# How do the Bobcats "Waive" Drafted players??



## RyGuY43084 (Jul 15, 2002)

My question is this:

Does anyone know how the whole "Waive" plan works for the Bobcats

Like if they recieve a VERY good deal to take a contract off of someone's hands, I heard they can simply Waive that player, and it doesn't count against their cap....

But Im not sure how that works, and if any of the Charlotte fans here, really thought of what you could do with that kind of Flexibility???


----------



## cantgetright (Jun 11, 2003)

still responsible for paying the salary it just doesn't count against the cap.... I can seeus really taking advantage of it and creating enough space to go after some free agents.
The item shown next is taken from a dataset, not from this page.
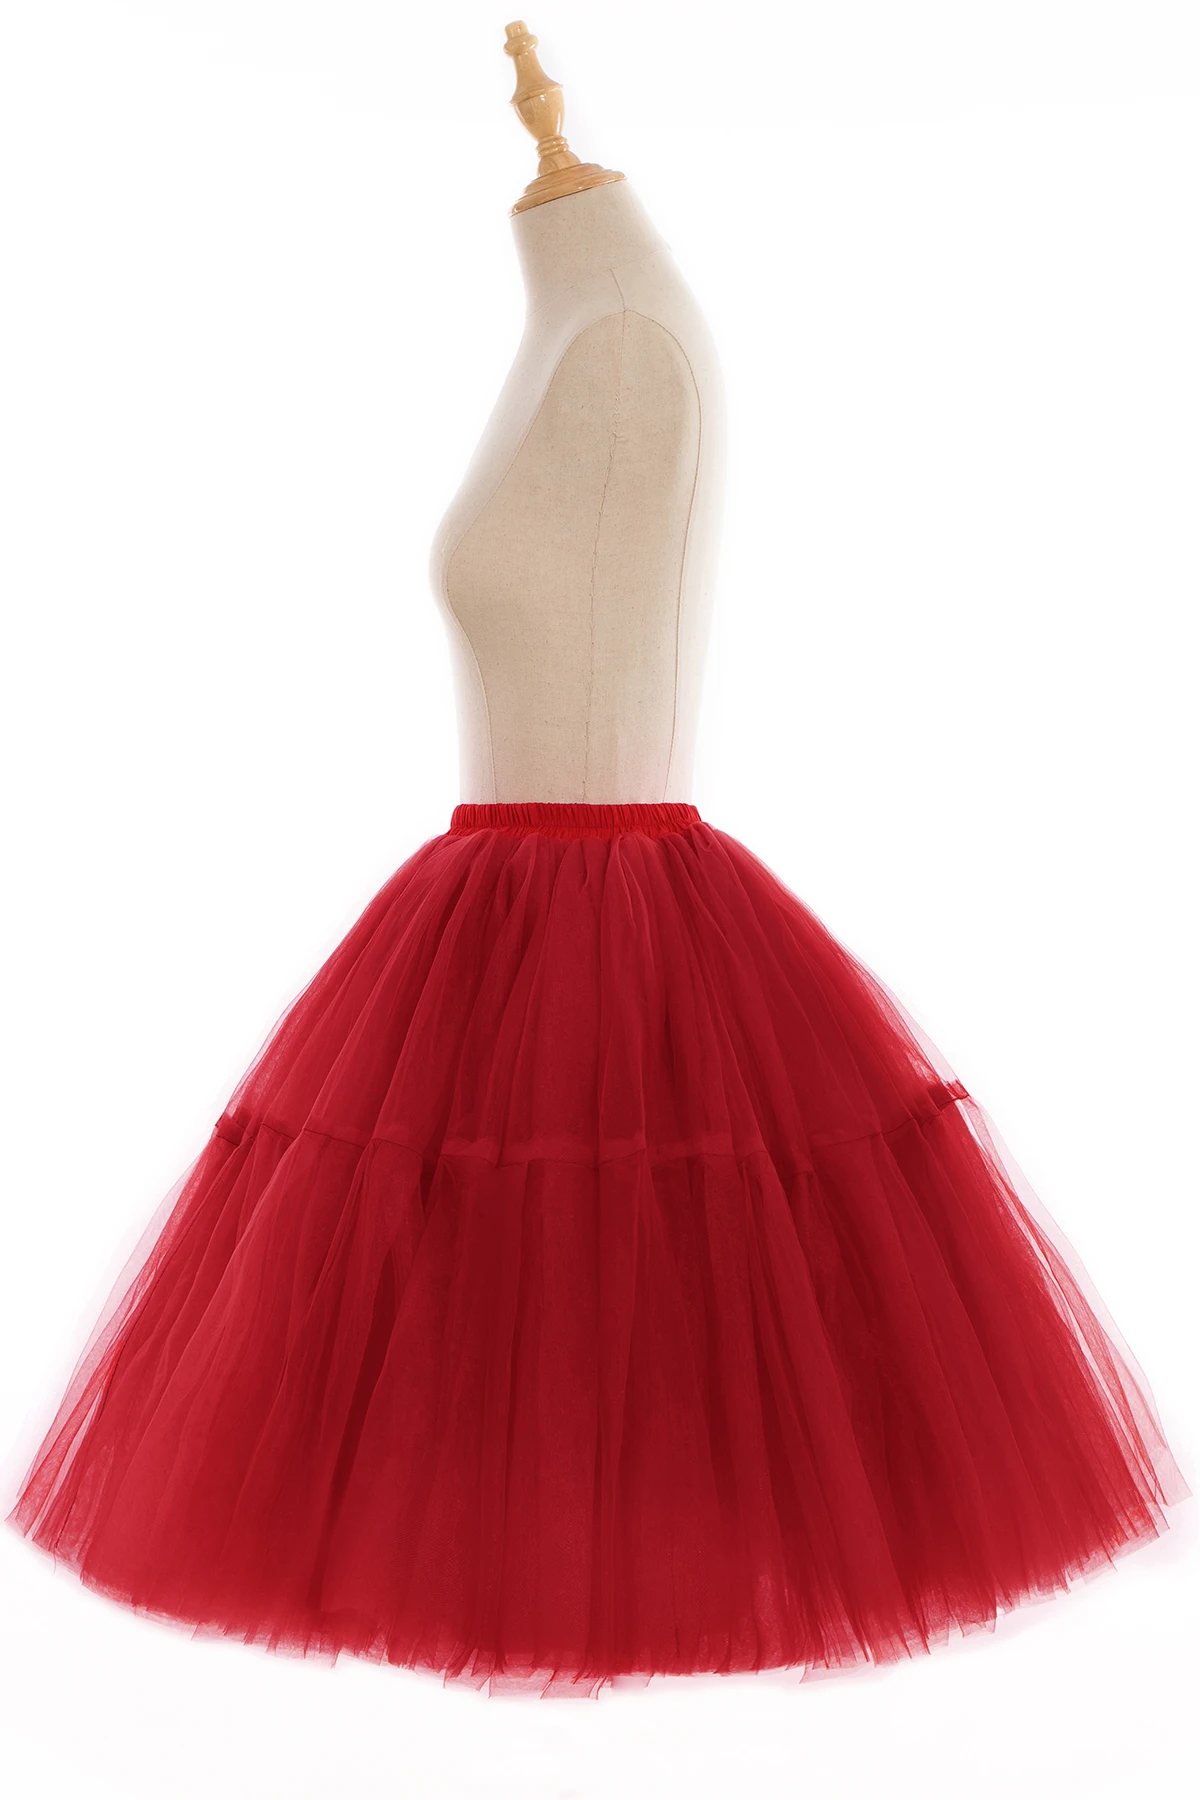 Fashion Red Multi-Layers Tulle Skirts Women Elastic Waist Puffy Knee Length Tutu Petticoat Lolita Cosplay Underskirt Jupons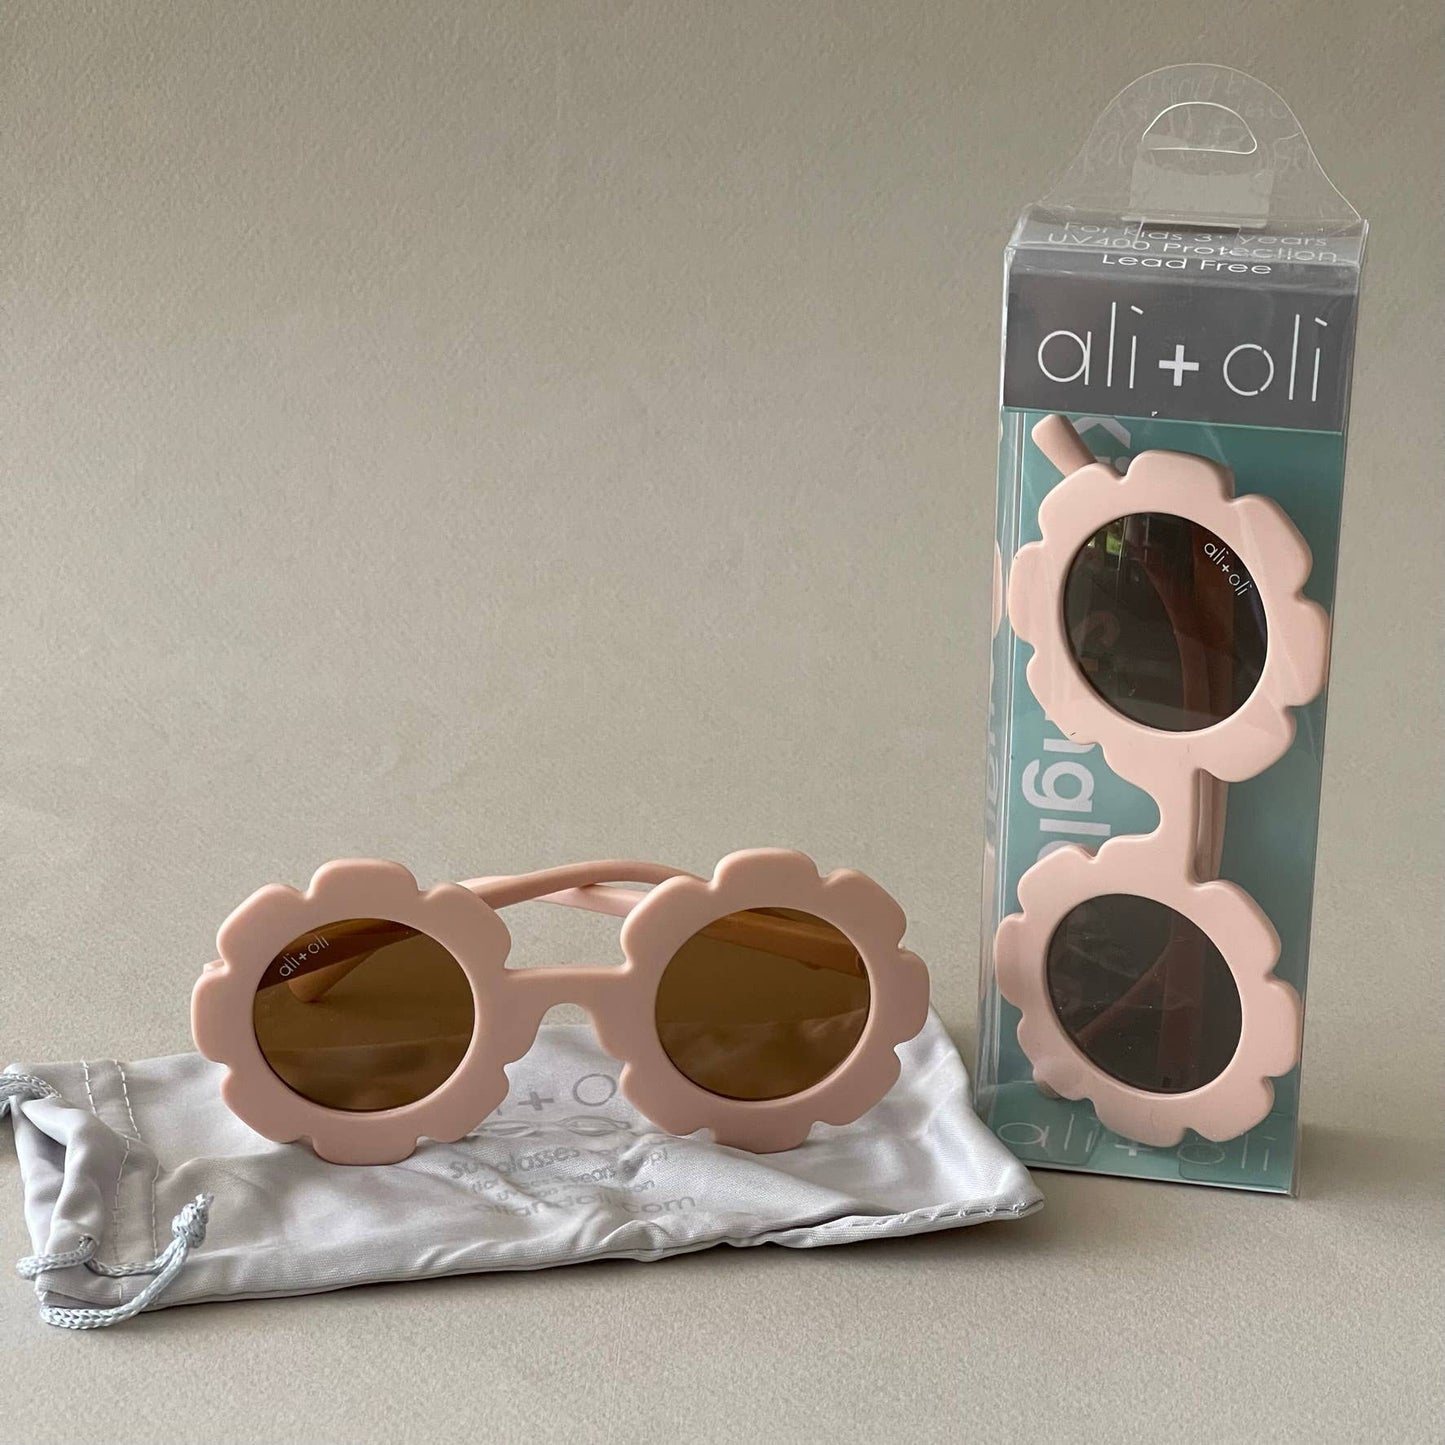 Sunglasses for Kids Flower (Pink)

The team wants to keep their option open though for year 3 when the have a full cap and should be closer to winning.


----------



## RyGuY43084 (Jul 15, 2002)

Now let me pose a question to you, to see what you think

The Phx suns are in a bind, and Chances are they will want to work with Charlotte to help them in this...

They NEED to get rid of Howard Eisley, he is making 6.9 million dollors per year, and has 2 years after this year left on his contract.

As a Charlotte fan, what would you say if the Phx suns offered the #3 or #5 OVERALL pick, as leverage to pick their player...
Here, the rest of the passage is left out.